The No. 20 Tulane Green Wave have a tall task in the No. 24 North Texas Mean Green this Friday in the 2025 American Conference Championship. Redshirt quarterback Drew Mestemaker leads the nation with 3,385 passing yards. Receiver Wyatt Young is third in college football with 1,203 yards on 62 catches and 10 touchdowns. True freshman running back Caleb Hawkins leads the country in total touchdowns (26) and in rushing touchdowns. That last stat could be the key and illuminate a path to victory.
The Green Wave have the No. 2 rush defense in the American and No. 32 in the nation. In the last two weeks, their opponents have recorded 20 rush yards, and negative three rush yards. Of the top five rush defenses in the conference, the Mean Green have faced the No. 4 South Florida Bulls – and lost. They were outgained on the ground 306 to 107 yards by the Bulls. Tulane beat the top rush defense in the ECU Pirates and the No. 3 Memphis Tigers.
North Texas hasn’t seen many stacked boxes like the one the Green Wave will boast at home. That could be an equalizer, as could the impending rain set to color the matchup. Running the ball is what wins football games. It’s easy to do that when you have the top pass attack to match. But if Tulane can take away their ground game, that forces them to be one-dimensional.

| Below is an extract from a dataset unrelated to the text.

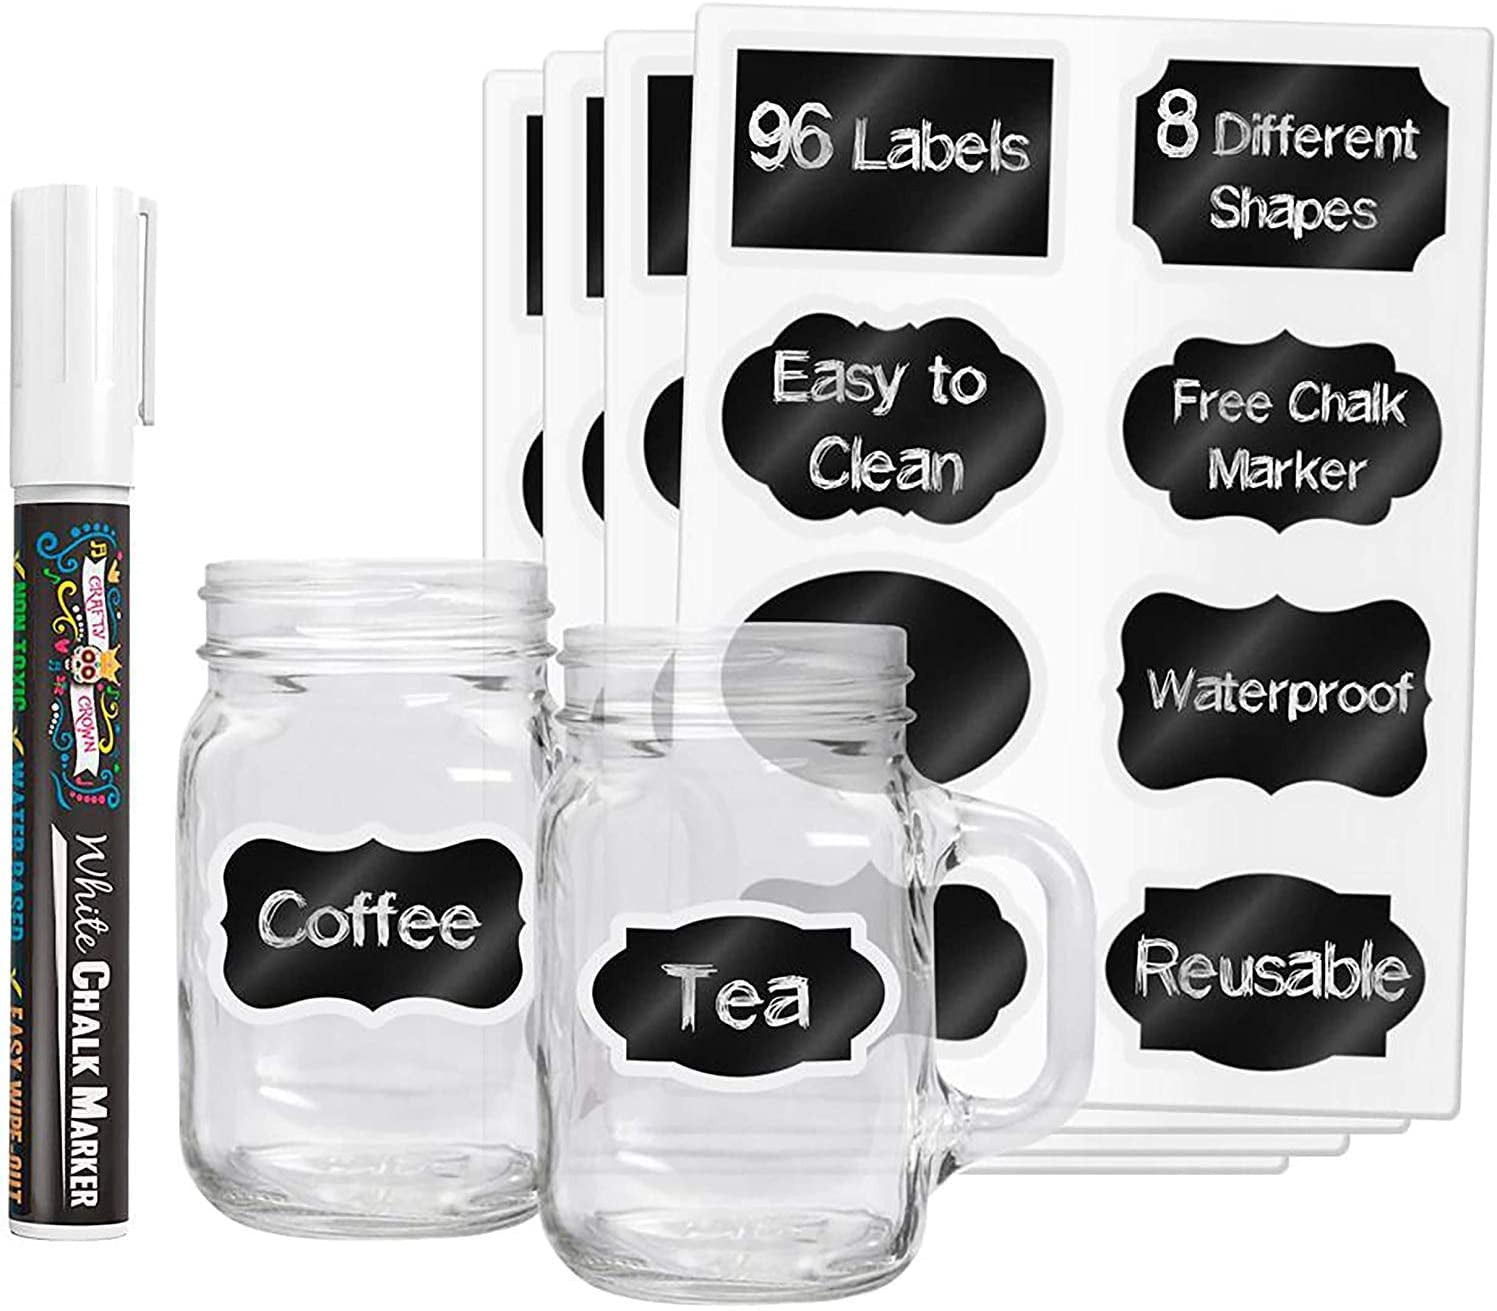 96 Chalkboard Labels for Organizing, Chalkboard Stickers Chalk Maker, Chalk  Labels for Containers, Pantry Labels for Storage Bins, Removable
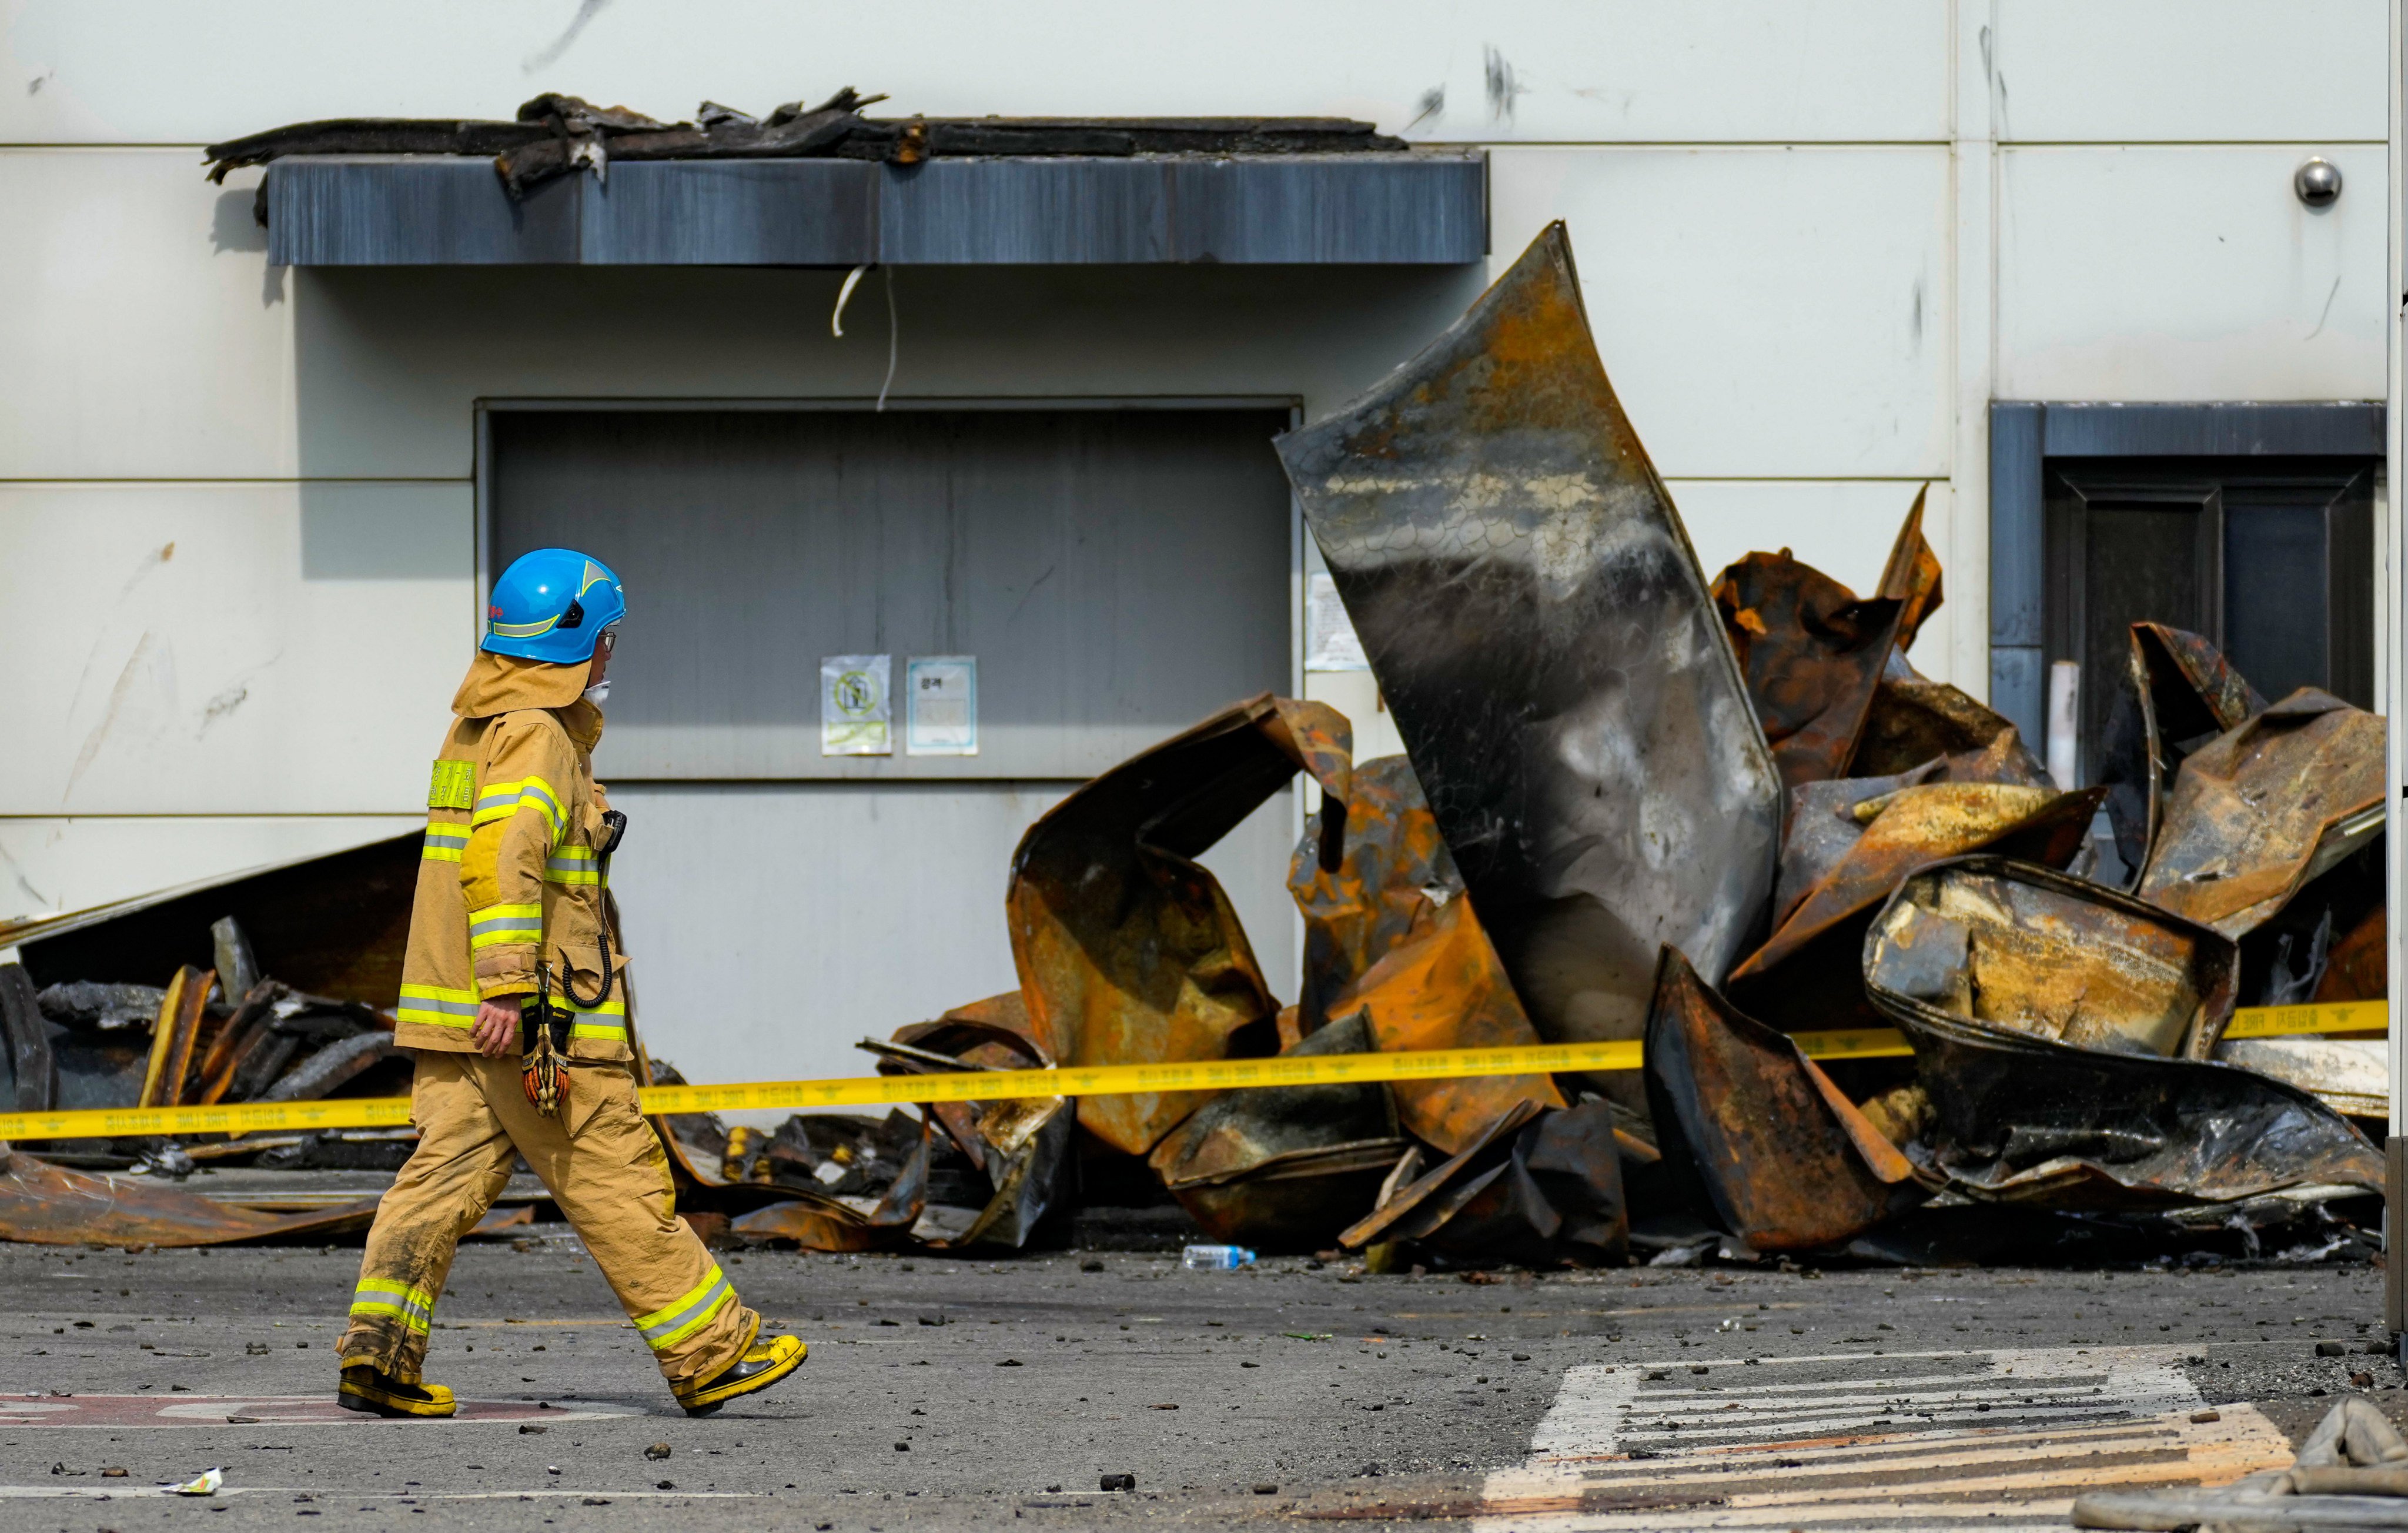 A firefighter walks near the debris at the site of a burnt lithium battery manufacturing factory in Hwaseong, South Korea, on June 25 after an explosion killed 22 people. Photo: AP

The Green Wave have brought back consultant Mike Storms in this final stretch, who was with the team last year. The United States Marine and 9th-degree black belt in karate is a hand-combat specialist who worked in the NFL and teaches players how to use their hands to disengage from blocks and violently strike. That will be critical not only to stifling the ground game before it can get started, but in getting to the quarterback.
“Coach Storms explains that it’s really a game of inches,” bandit Mo Westmoreland explained. “Hand placement on your shoulders, elbows, wrists, everything matters. Getting the small minute details in order, and getting it very precise, it gets you ready to play the game.”
Head coach Jon Sumrall explained the importance of his work on the defensive line last season when he joined as a consultant.
"The hand-to-hand combat stuff obviously correlates with our game," Sumrall said last year. "I think explaining to our guys that this game is about striking, violence, leverage, angles, and making contact helps.”
Tulane’s offense will need their attack to match. But the defense will prove to be the difference-maker. And in a game of inches, little edges like knowing where to place your hands on the offensive lineman’s chest or arms to strike them off can be the difference between an explosive gain and a tackle for loss.